For primary analyses, no restrictions were placed on the temporal sequence such that diagnostic codes in medical records could appear at any time in relation to survey self-report. This approach recognizes the clinical circumstance in which a patient may be informed of a likely diagnosis with confirmation of that diagnosis not appearing in the medical record until a future time. Additional analyses restricted diagnostic codes to those appearing prior to the date of survey self-report to better inform the interpretation of concordance between a self-reported condition and a diagnosis confirmed in the medical record. Codes indicating personal history of a condition were not utilized in additional analyses investigating temporality because these codes lack a date of diagnosis.

Objective height and weight measurements from VHA vital signs medical records were compared with survey-reported height and weight, with weight measurements considered if taken within 1 year of a corresponding survey. For instances in which more than one weight was taken within 1 year of a survey, the weight recorded closest to the date of survey was used. When multiple height measurements were available, the mode was used for both medical records and survey responses. For instances in which all available height measurements were different, the first height recorded was used. Weights < 80 lb or > 500 lb and heights < 48 inches or > 95 inches were omitted from analysis as extreme values.

Problem drinking was assessed on the Millennium Cohort Study survey using 5 items from the Patient Health Questionnaire (PHQ) assessing risky alcohol use behaviors, with probable problem drinking defined as positive endorsement of at least 1 of the 5 items (e.g., driving a car after drinking too much) in the last 12 months [18]. Self-reported alcohol use in the medical record was taken from VHA health factors data and assessed using the Alcohol Use Disorders Identification Test-Concise (AUDIT-C) alcohol dependence screening tool, with scores of 3 or more for women or 4 or more for men indicating alcohol misuse [19]. The AUDIT-C assessment closest in time prior to a completed survey date was compared with the survey PHQ responses. If more than one AUDIT-C alcohol assessment was completed on the same day for a participant, the highest score was used.

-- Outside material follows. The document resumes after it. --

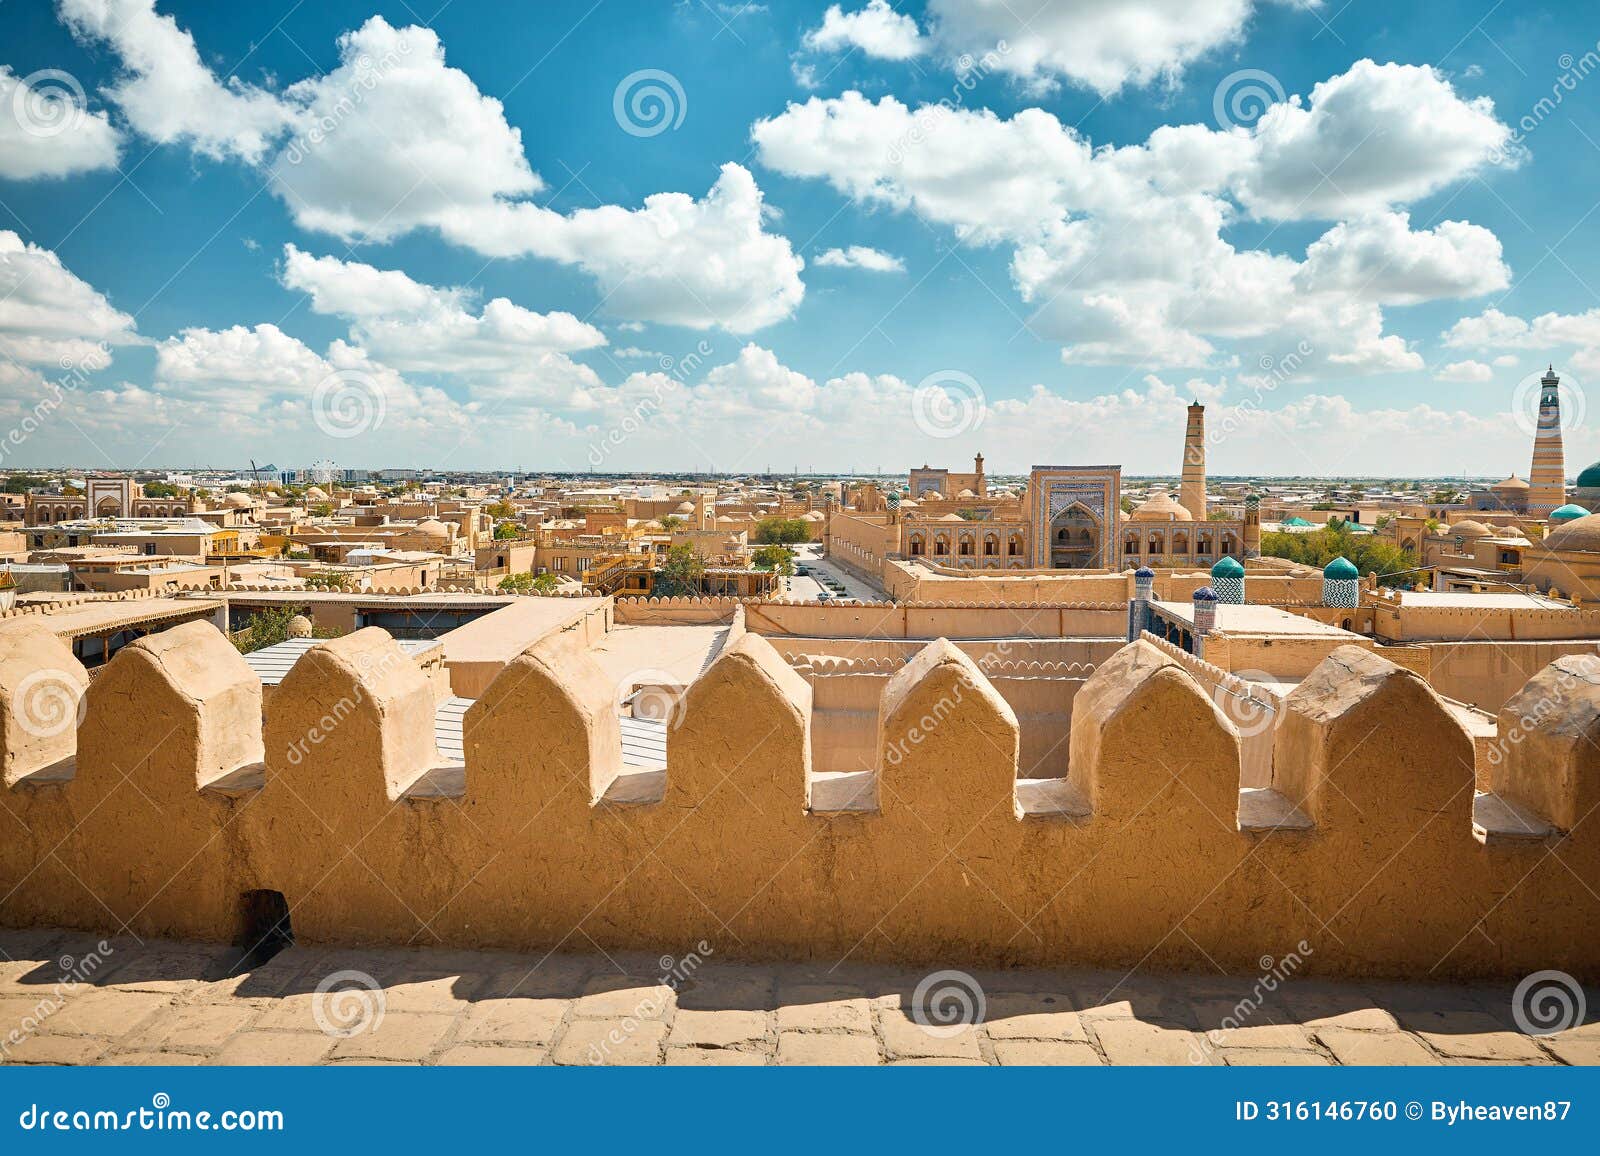 madrasah and kalta minor minaret in ancient city at khiva in uzbekistan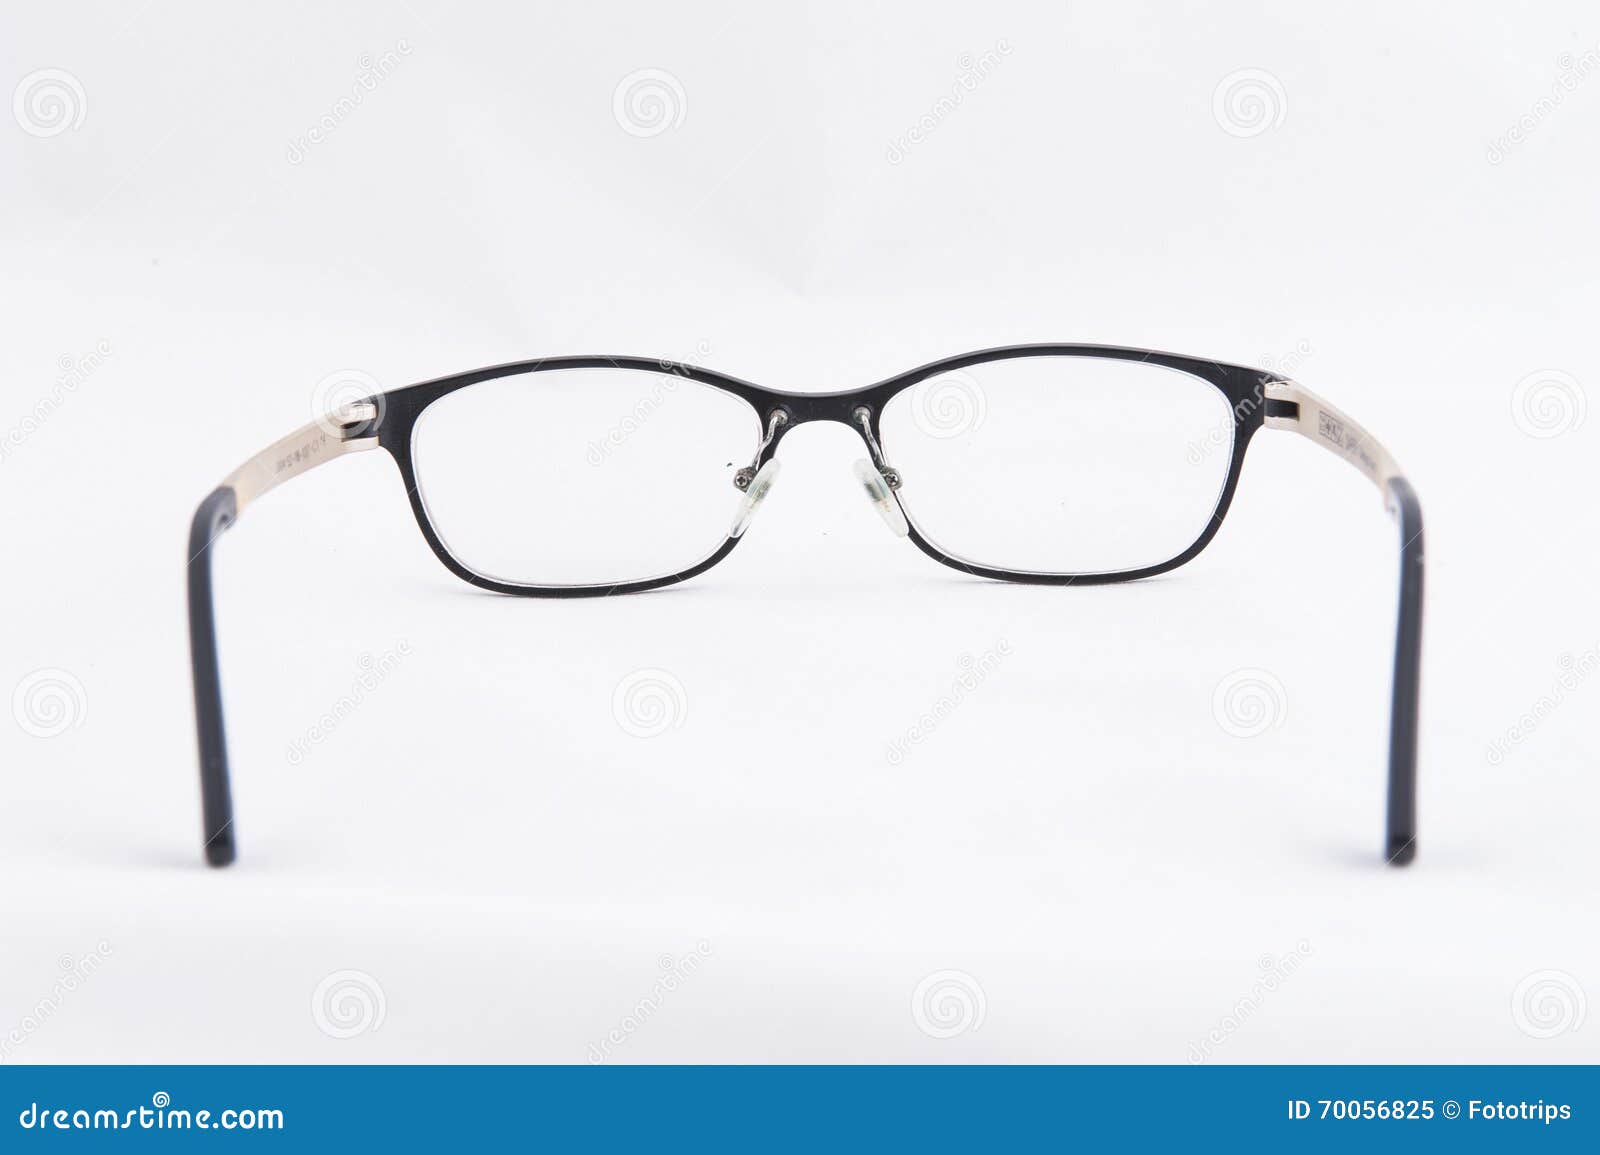 Glasses on White Background Stock Image - Image of accessory, frame ...

Participants were classified as ever smokers via survey responses if they reported at any survey wave that they had smoked 100 cigarettes or more in their lifetime. Smoking was assessed in medical records via VHA health factors data, using the smoking assessments recorded closest to a corresponding survey date.

Demographic, military, and veteran characteristics were examined by enrollment panel and among those who self-reported one or more conditions. The prevalence of the 39 conditions of interest in survey records, VHA medical records only, and combined VHA-MDR medical records were examined, as well as the agreement between these sources. Positive and negative agreement were calculated for the comparisons of self-reported conditions with those diagnosed in medical records [20, 21]. For the purposes of this study, we calculated positive agreement as 2a/[N + (a—d)] and negative agreement as 2d/[N—(a—d)], where “a” represents true positives for the condition, “d” represents true negatives for the condition, and N represents the total number of individuals. Youden’s J statistic was used to measure overall concordance between the medical record and survey responses [22] because this measure accounts for both sensitivity and specificity and is therefore independent of the prevalence of conditions of interest [22, 23]. Positive and negative agreement and Youden’s were also calculated to compare health behaviors (smoking and alcohol use) between survey self-reports and medical records. Bland–Altman plots were used to examine the agreement between self-reported and medical record measurements of height and weight and evaluate bias between the mean differences of these measurements [24].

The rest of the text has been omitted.